Well OK, it was only actually 9,800 miles door to door, but unless someone from South Africa has gone searching I think I can still claim the unenvied title of Furthest-Travelled Failed Searcher.

For me this craziness started after reading a news story in March 2018. It was a day that I couldn’t be bothered doing any work, so I found myself digging around the blogs and forums and I was quickly hooked.

Within a couple of days I had the basis of my solve sorted out, then it was refined and strengthened over the next couple of weeks to what you will read today. The solve builds on the work of others to narrow down the WWWH starting point, but I’m presenting a couple of (possibly) new ideas on some lines of the poem, particularly the blaze, so hopefully you may both enjoy the story and get something useful out of it.

In its simplest interpretation this solve doesn’t rely on any information you can’t find on a good map, but a small amount of googling and a bit of geographical knowledge help firm things up. Unlike many solves people come up with, I had this one down to a fairly specific area months before I put boots on the ground. This was by necessity – I’m a New Zealander living in Perth, Western Australia, so if I was going to invest (haha!) a few thousand dollars into getting to the Rockies I couldn’t afford to be going on a hunch.

But I’d just sold my trusty old pickup so I had some play money lying around, and I have a very understanding wife! In early May I found myself setting off for the 39 hour journey to Bozeman Montana. There I rendezvoused with one of my brothers who lives in Phoenix and couldn’t say no to this sort of adventure.

So armed with a healthy dose of jet lag and a can of bear spray, this is our chase…

Begin it where warm waters halt,
And take it in the canyon down
Not too far, but too far to walk
Put in below the home of Brown

This simply follows the popular solve starting where the warm Gardiner River meets the cold Yellowstone River at Gardiner Montana, then following the Yellowstone River down to the Slip and Slide Boat Ramp near the end of Joe Brown creek.

From there it’s no place for the meek

This boat ramp is used by rafters and kayakers to access the white-water rapids in Yankee Jim Canyon – definitely no place for the meek.
A less obvious interpretation is that this canyon was a stumbling block for Joseph Meek in his early exploration of the area (though this obviously requires knowledge beyond the scope that Forrest Fenn says is necessary).

The end is ever drawing nigh

This refers to the bottom of Sphinx Creek, the first feature we come to down-stream, and there’s a few ways of looking at it:
The flowing creek is continuously ending as it reaches the river.
The word “drawing” could be used because the bottom of Sphinx Creek is in a draw (also known as a re-entrant outside of the USA), which is a steep-sided gully.
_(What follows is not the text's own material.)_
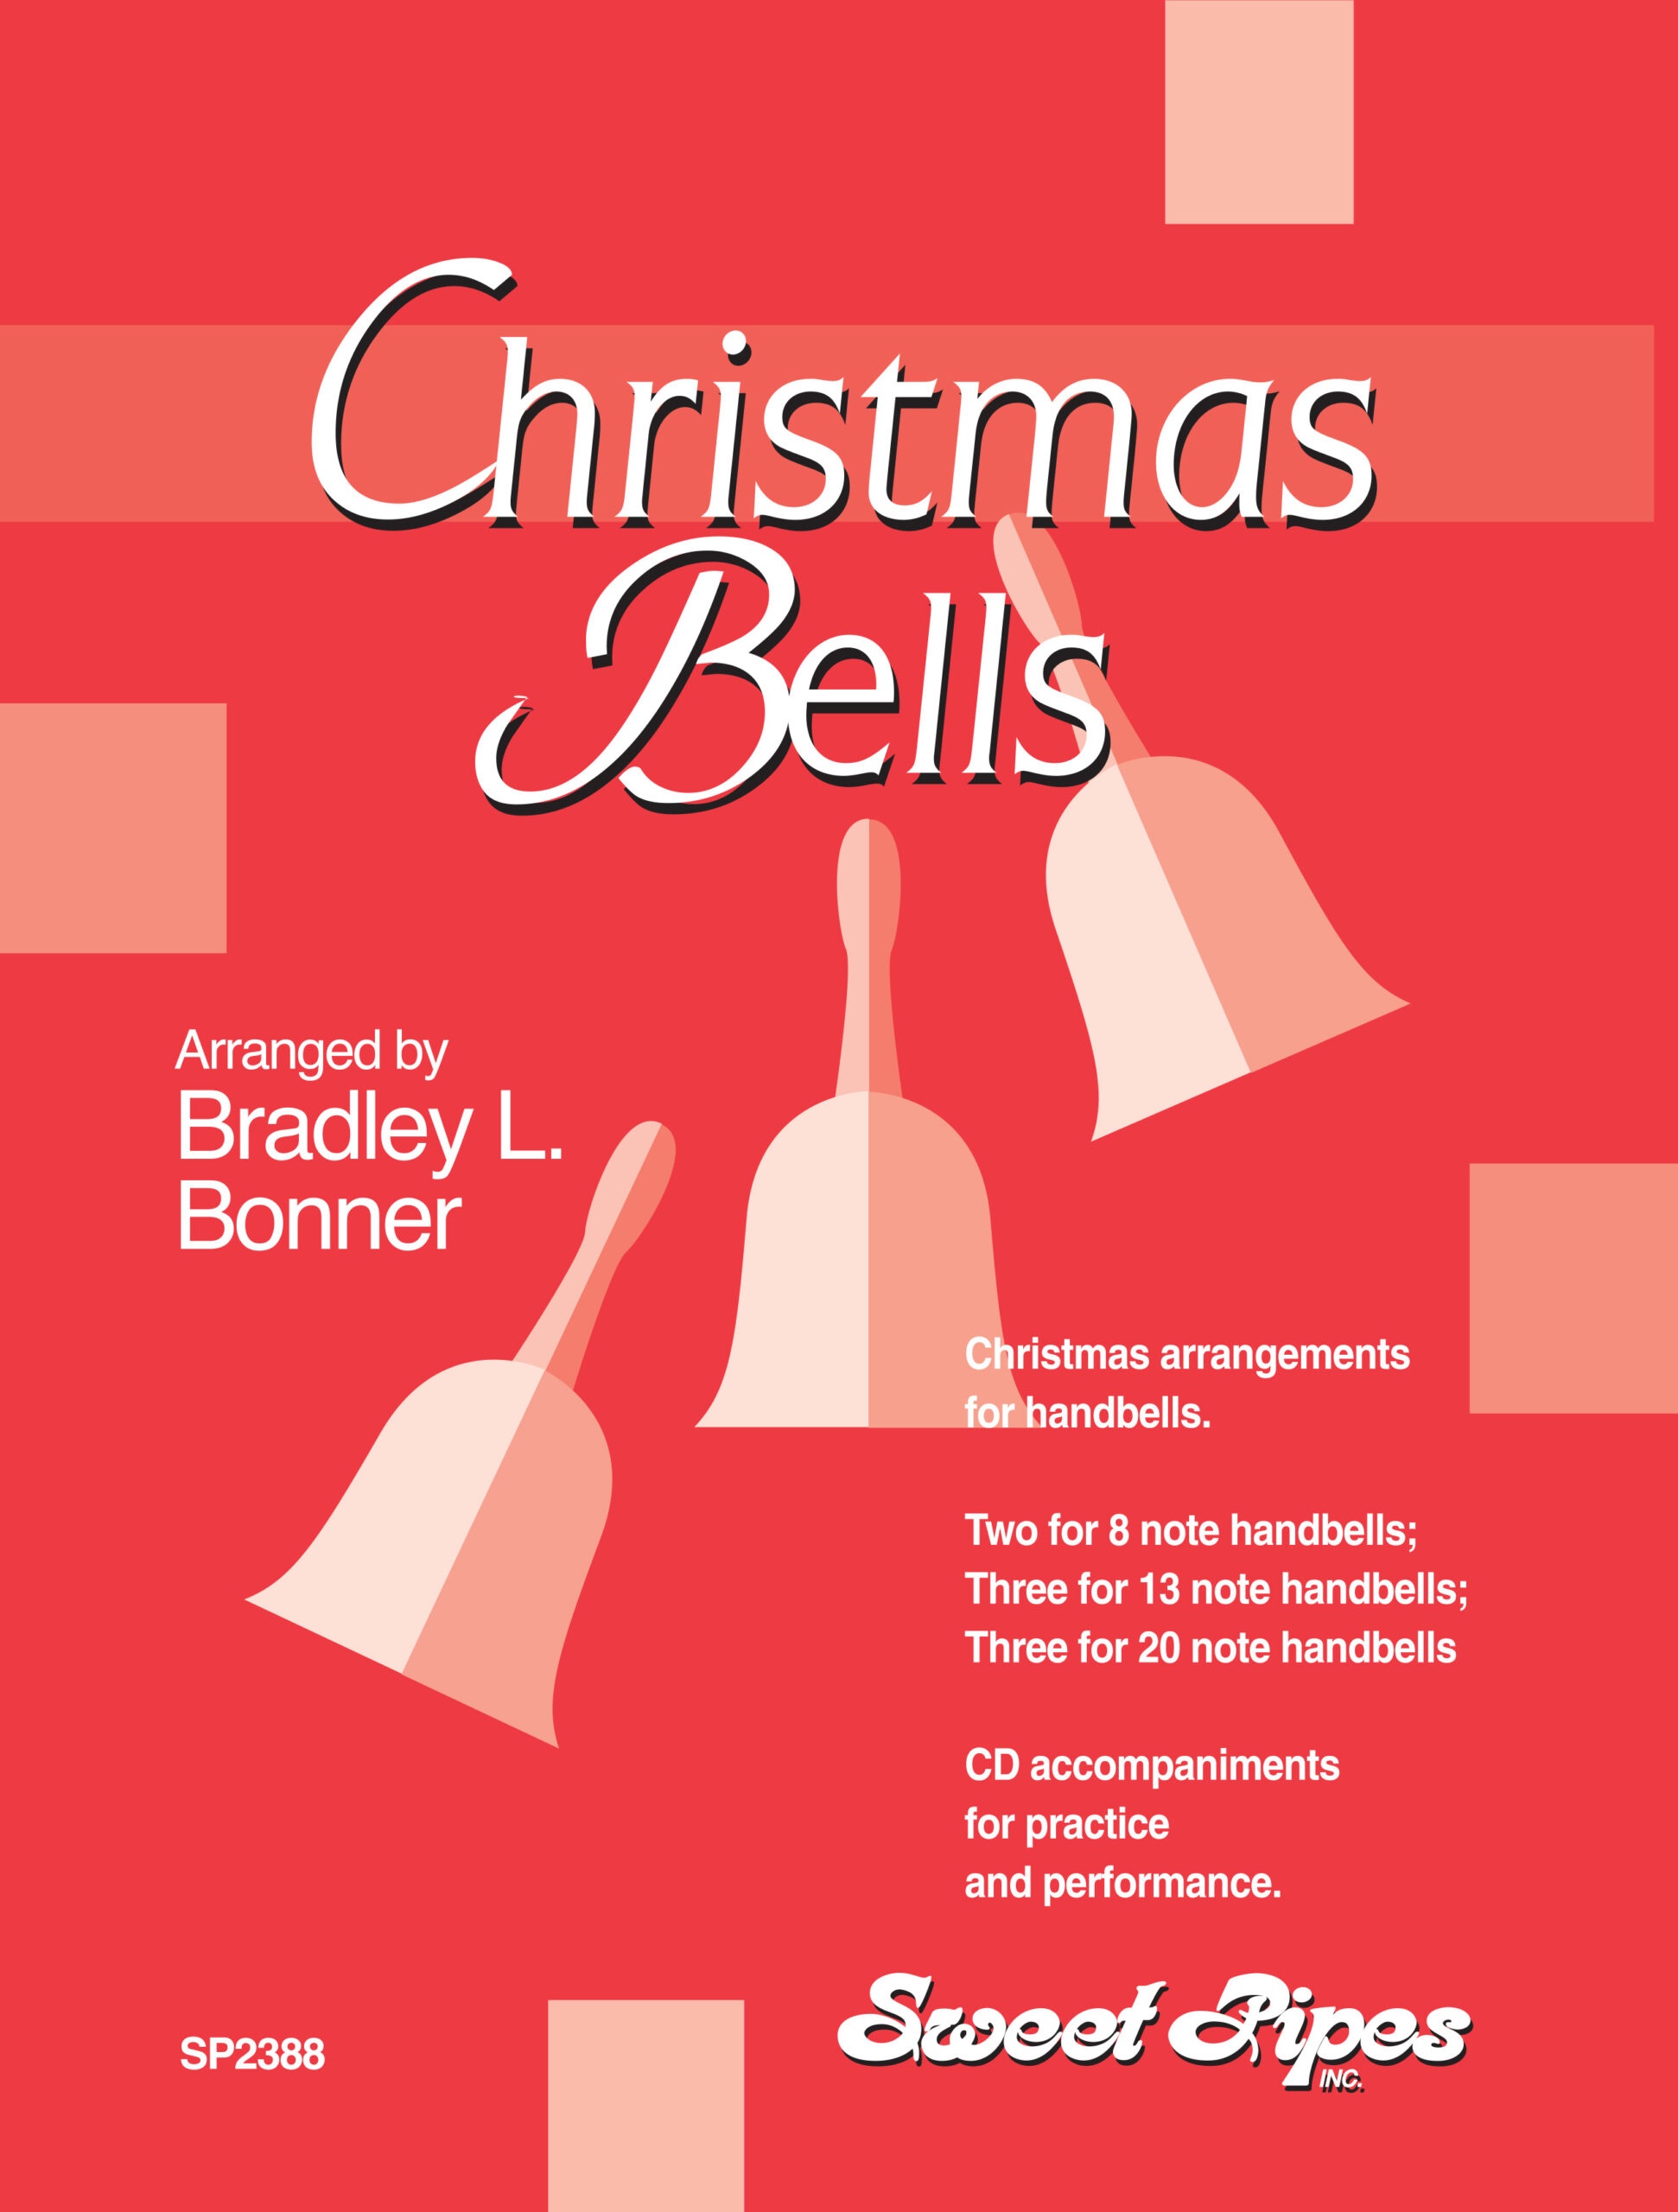 PRETYZOOM 2pcs Hand Bell Santa Claus Hand Bells Christmas Bells Metal School Bells Pet Bells Call Service Hand Bells Musical for Dinner Calling Home Christmas Party Favors

Also, it’s on the left, and numerous people have asserted that nigh is an archaic word for left, though I haven’t found any solid references for this.

There’ll be no paddle up your creek
Just heavy loads and water high

Sphinx Creek is merely a trickle, even when we visited during the melt in May, so you won’t need a paddle.

The second line defines the bottom and top of the creek as we go up it.

Heavy loads describes the bottom of the creek which crosses the Old Yellowstone Trail and where the railway line used to go.

The top of the creek is a perched lake (high water) called Yankee Jim Lake.

So we head up the creek all the way to the lake.

Fresh bear tracks of different sizes were dotted all the way up Sphinx Creek – a bit worrying for us as we’d never had to deal with bears before!

If you’ve been wise and found the blaze. Look quickly down

OK, here’s where it gets interesting.

Notice the past tense on this sentence – in my opinion you have to have already been wise and found the blaze before you get there. In this case that’s because you can’t actually see it from the lake at the top of the creek.

So to find the blaze, you need to know where to look.

Have you noticed the red magnetic declination lines on the map provided in Where Warm Waters Halt? I find them odd because they’re a bit ugly, and many versions of the map have removed them for aesthetic reasons. But what are they for? It’s not normal to have these lines on a simple schematic map like this. Magnetic declination is used when you’re using a compass bearing – the lines tell you what the correction is between true north and magnetic north is at a particular spot. The presence of the magnetic declination lines is telling me that you need to use some sort of compass reading, or at least a general bearing to some remote feature in your solve.

So what is the blaze?

If you look on a map about 6.5 miles / 11 kilometres to the south west of Yankee Jim Lake, you find Shooting Star Mountain.

Shooting stars blaze across the sky, and you have to look quickly to see them.

Forrest has mentioned that it would be possible to remove it the blaze, but not feasible. I know from experience in the mining industry that removing the top of a mountain is definitely possible, but you have to have a good reason to do so to make it feasible.

But you can’t see Shooting Star Mountain from the top of Sphinx Creek, it’s hidden by the ridge on the other side of the valley. Luckily there are high points all around Yankee Jim Lake, but for this solve, you need to be “wise” and move clockwise around the lake.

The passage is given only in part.